A Probabilistic Machine Learning Pipeline Using Topological Descriptors for Real-Time State Estimation of High-Rate Dynamic Systems
摘要
High-rate systems refer to structures that undergo rapid changes, exhibiting dynamics that undergo changes in short durations, often less than 100 ms. Examples include hypersonic vehicles, active blast mitigation, and ballistic packages. Developing feedback control systems requires state estimations that can be updated on timescales of less than one millisecond.

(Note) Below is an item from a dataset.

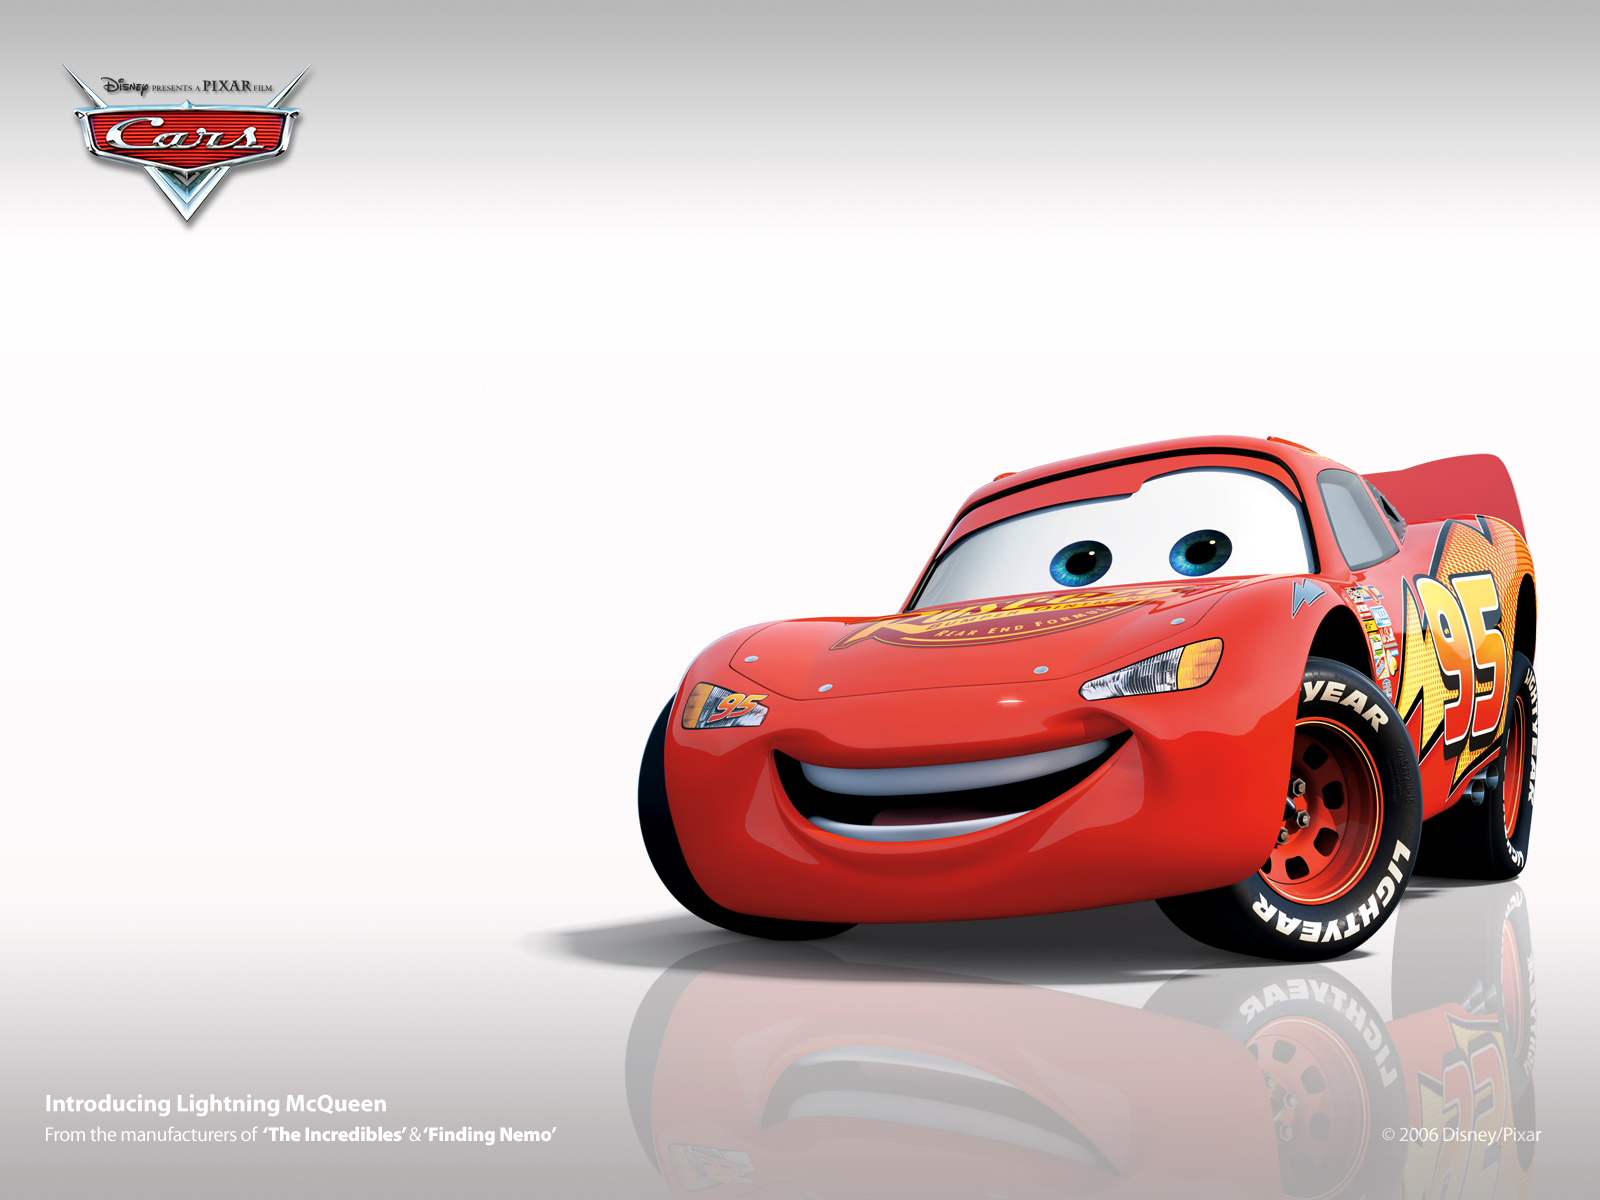 Fondos de pantalla de Cars de Disney Pixar, Wallpapers Gratis

However, due to the nonlinear and non-stationary dynamics of high-rate systems, they entail high uncertainties, posing challenges for predictive modeling. In this study, we propose a probabilistic machine-learning pipeline for estimating the state of a high-rate system. This approach involves applying probabilistic models and topological data analysis techniques to extract features from the datasets obtained from the Dynamic Reproduction of Projectiles in Ballistic Environments for Advanced Research testbed. We examine the design of probabilistic models for structure state estimation, emphasizing the importance of prediction intervals. We evaluate the best model through several performance metrics, such as mean absolute error, Signal to Noise Ratio, and Time Response Assurance Criterion, while assessing the quality of predictive uncertainty by creating uncertainty calibration curves and calculating the Expected Confidence Error. The incorporation of probabilistic machine learning enables decision-makers to make informed decisions under uncertainty, enhancing the practical utility of the pipeline. The pipeline’s robustness to signal noise and its ability to handle spurious data are presented and discussed.